● **EXERCISE AIM**
All that is wanted is the line with "Image Leaf Autumn" and each line after it to the end of the data below, set down exactly and without pictures.

● **DATASET EXCERPT**
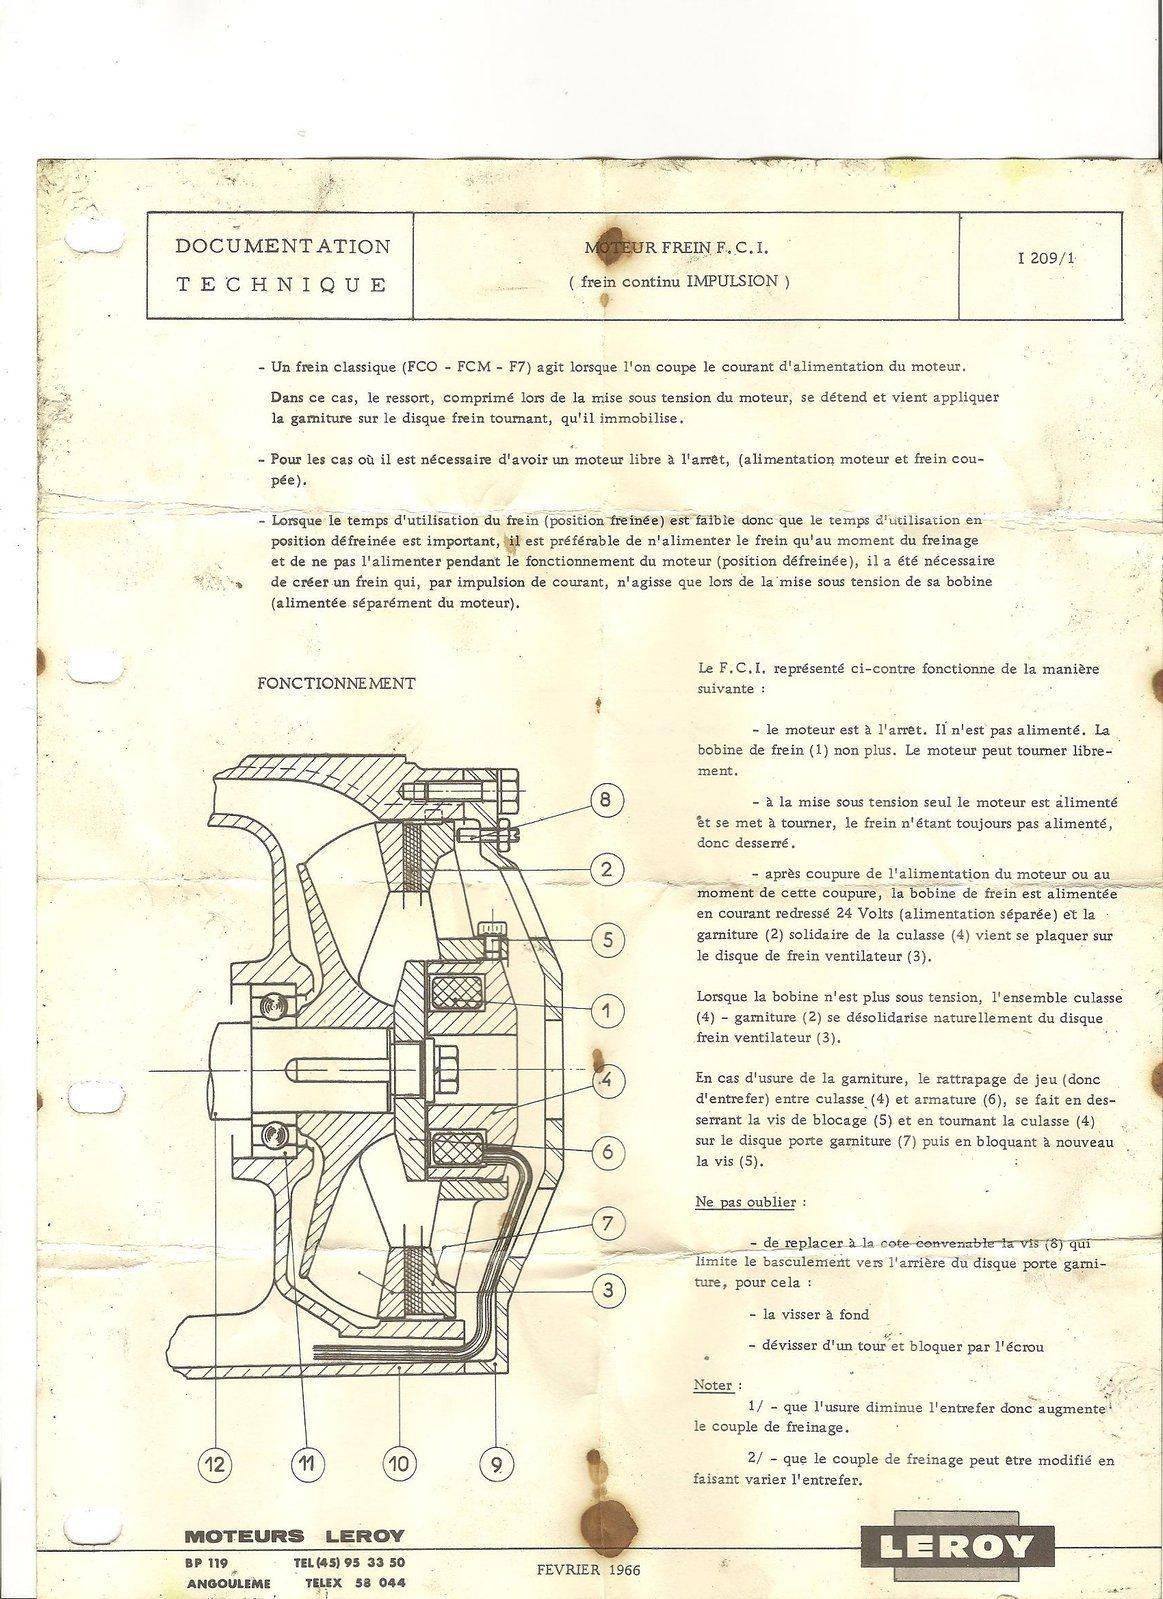 document moteur leroy 1 001.jpg
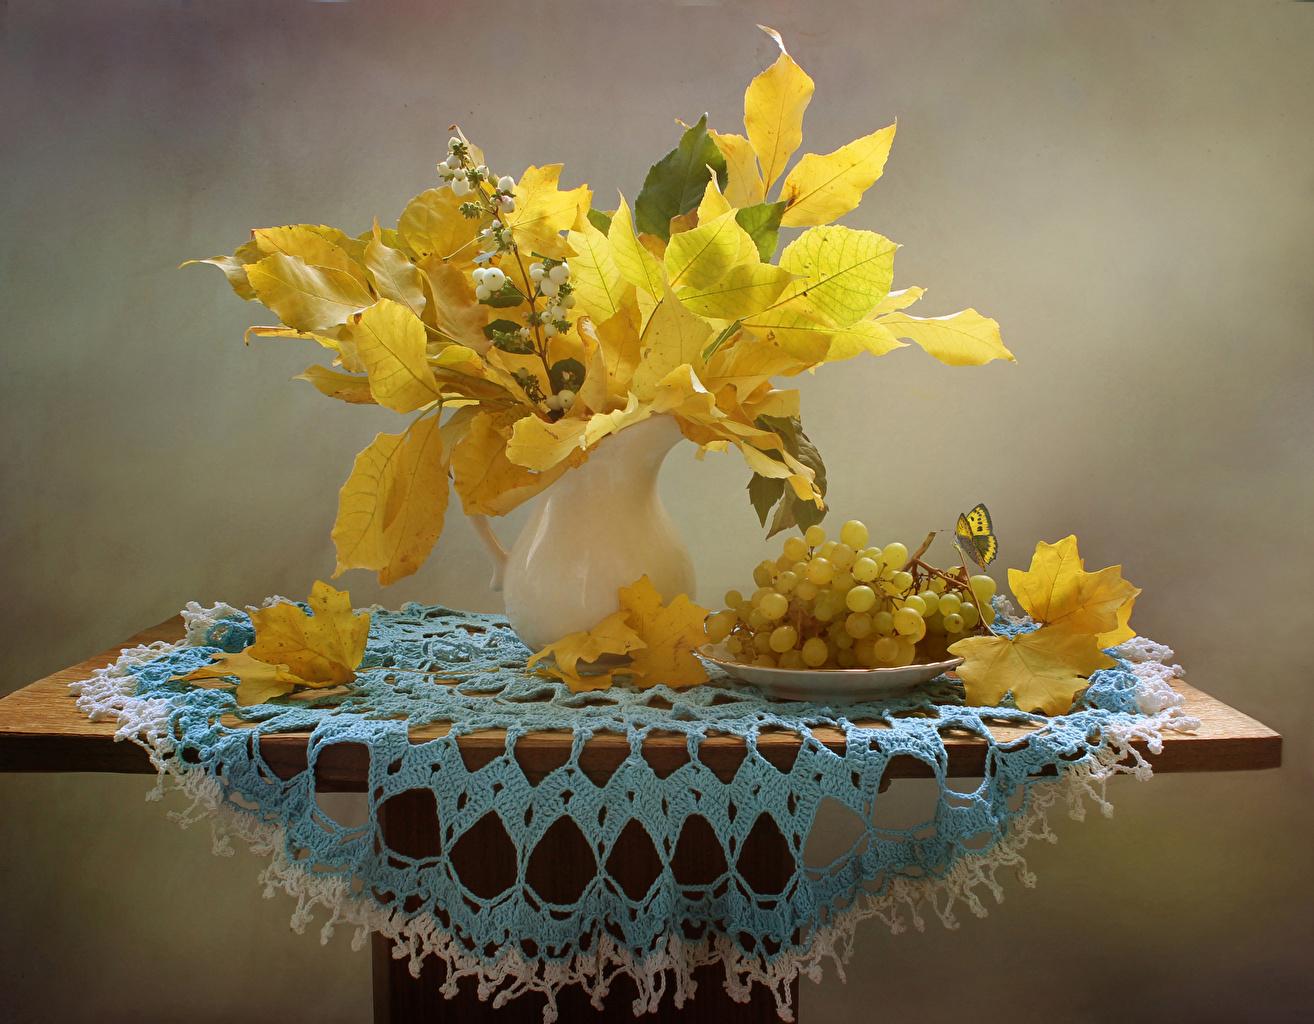 Image Leaf Autumn Grapes Vase Food Table Foliage
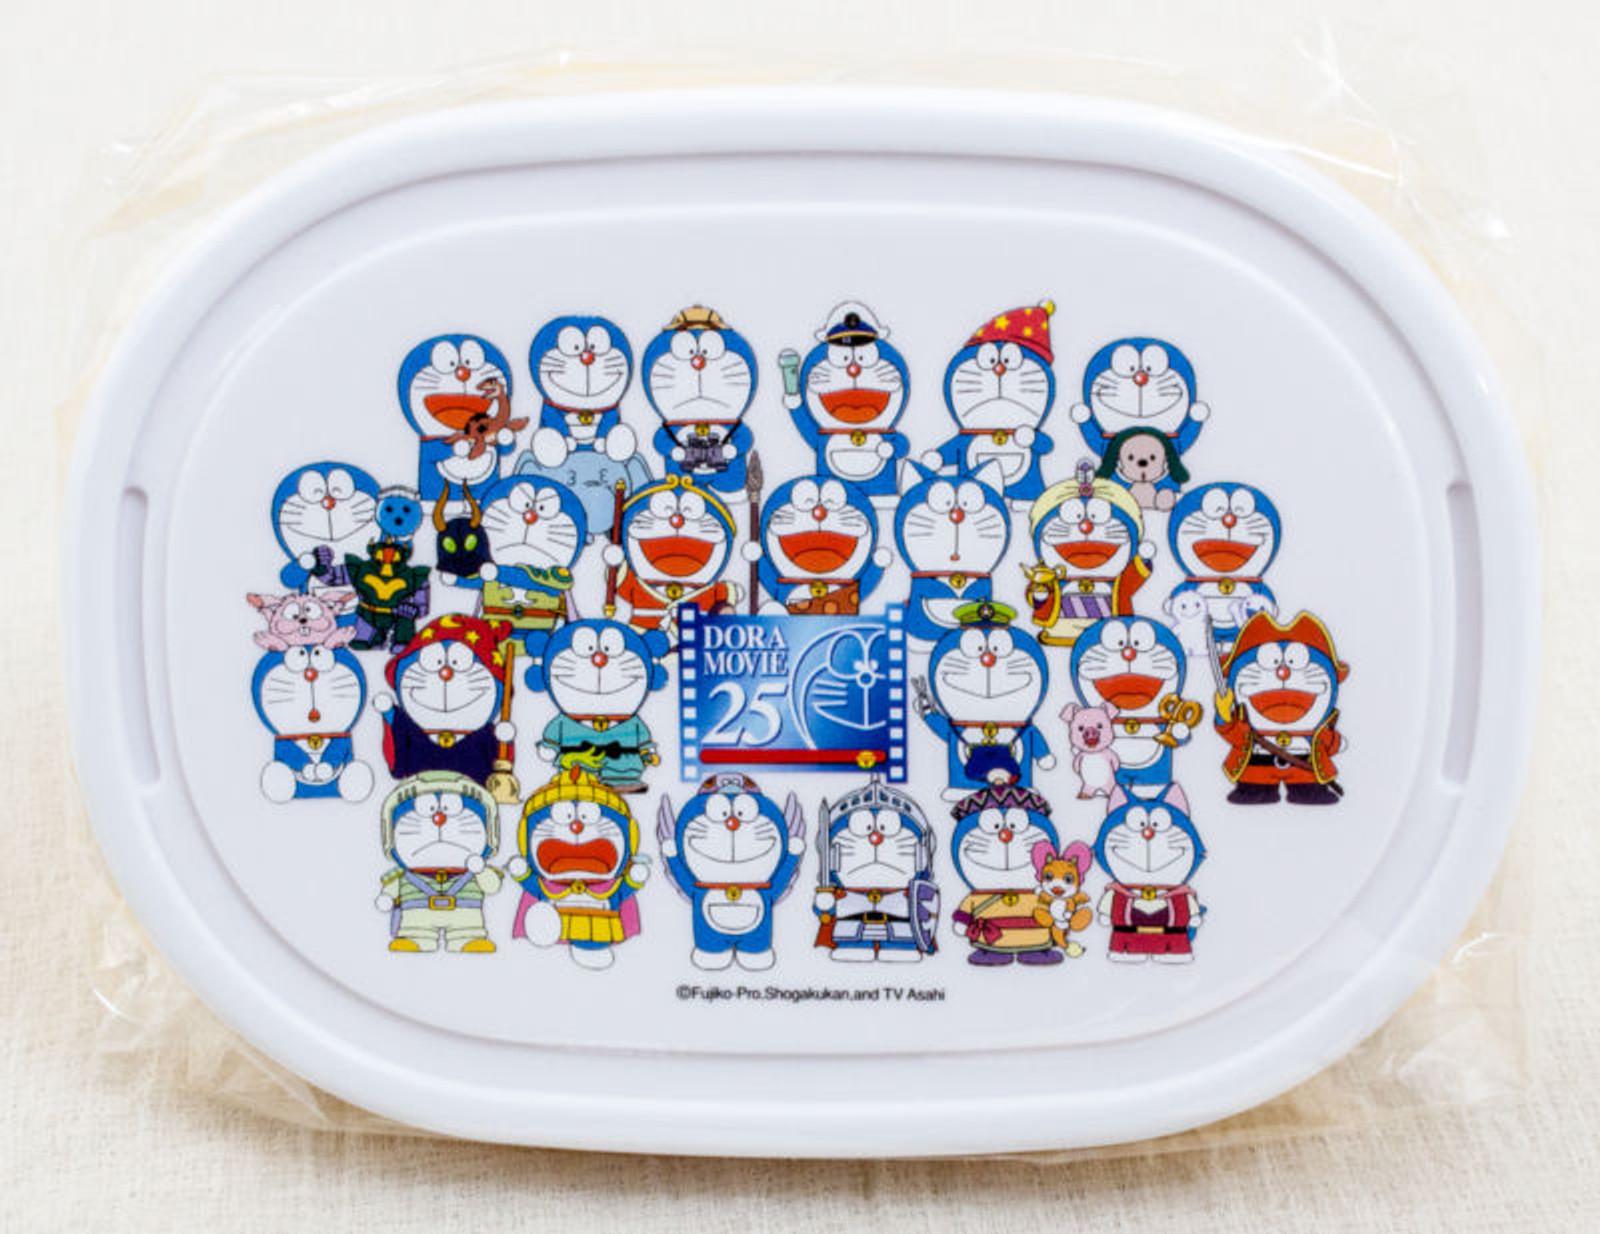 Doraemon Lunch Box w/Bandana 25 Dora Movie Character JAPAN ANIME MANGA FUJIO
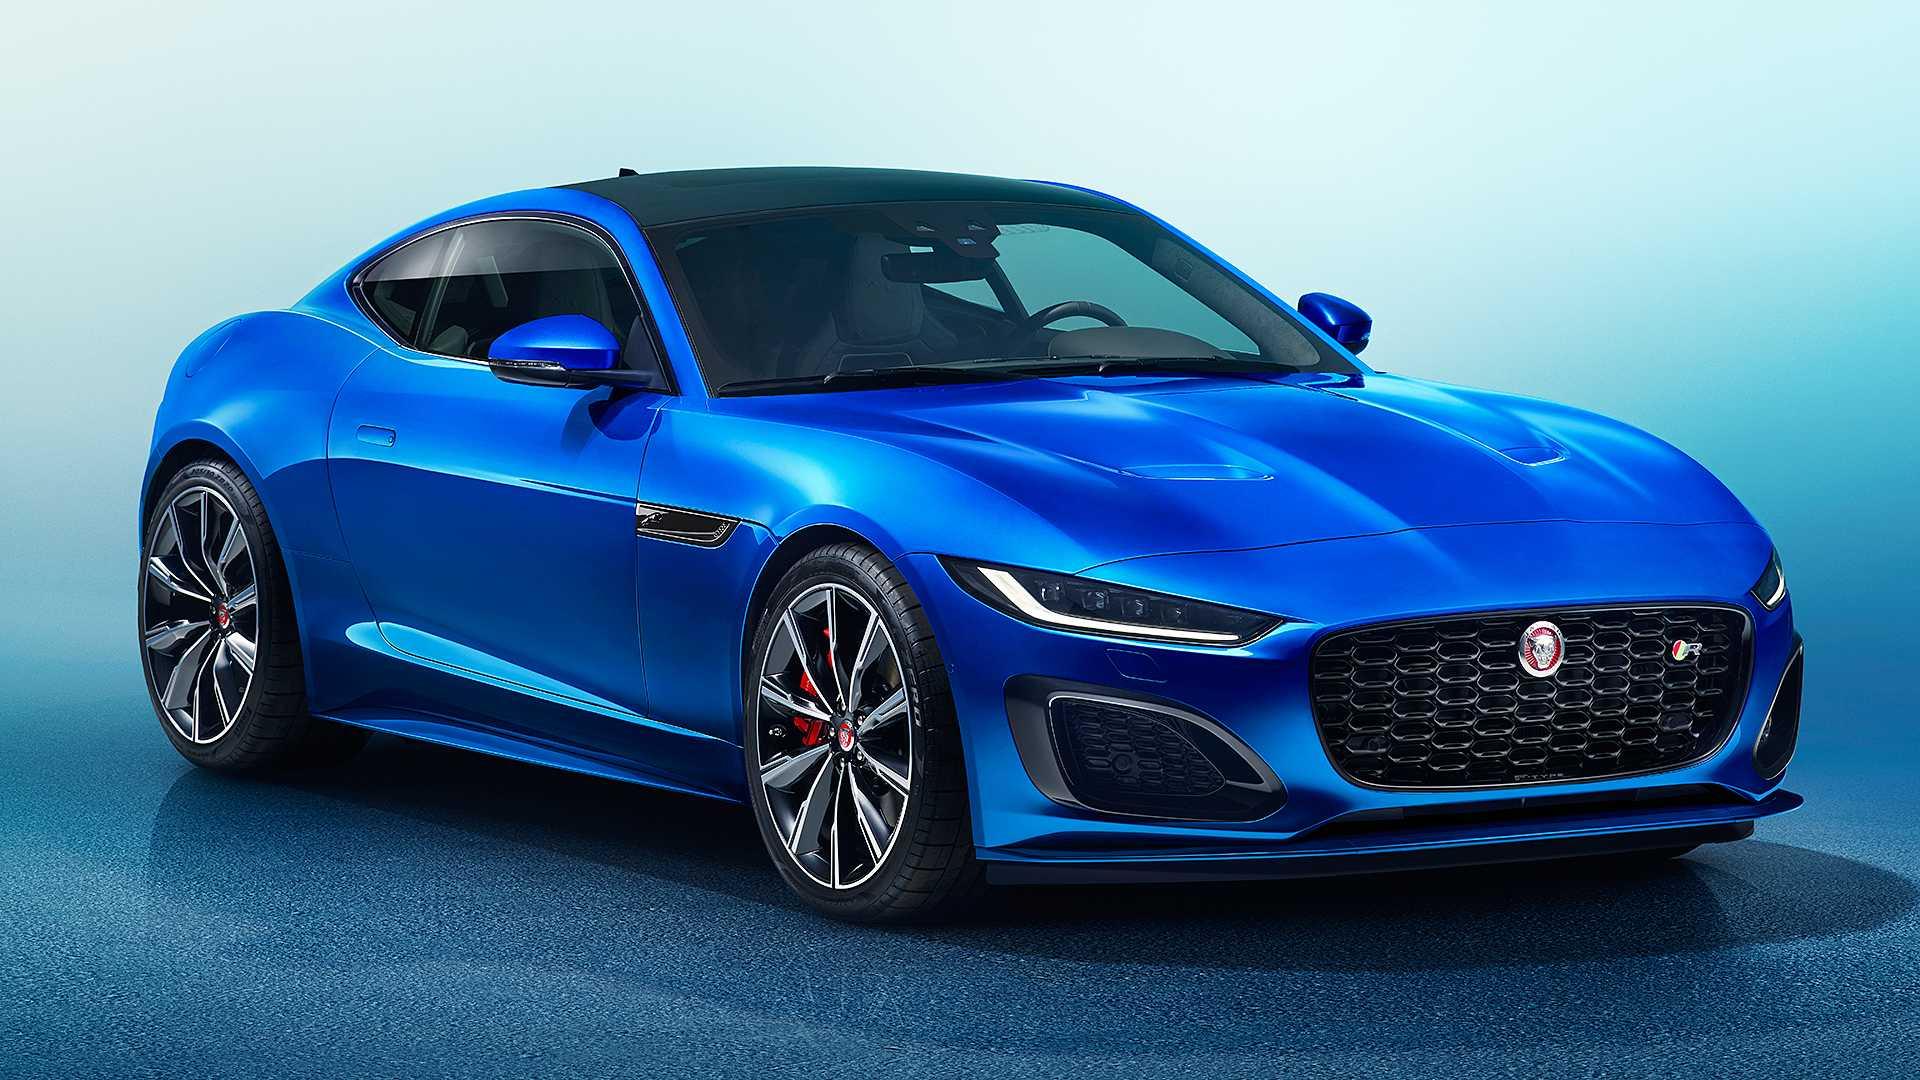 2021-jaguar-f-type-11

● **RESULT**
 Image Leaf Autumn Grapes Vase Food Table Foliage
 Doraemon Lunch Box w/Bandana 25 Dora Movie Character JAPAN ANIME MANGA FUJIO
 2021-jaguar-f-type-11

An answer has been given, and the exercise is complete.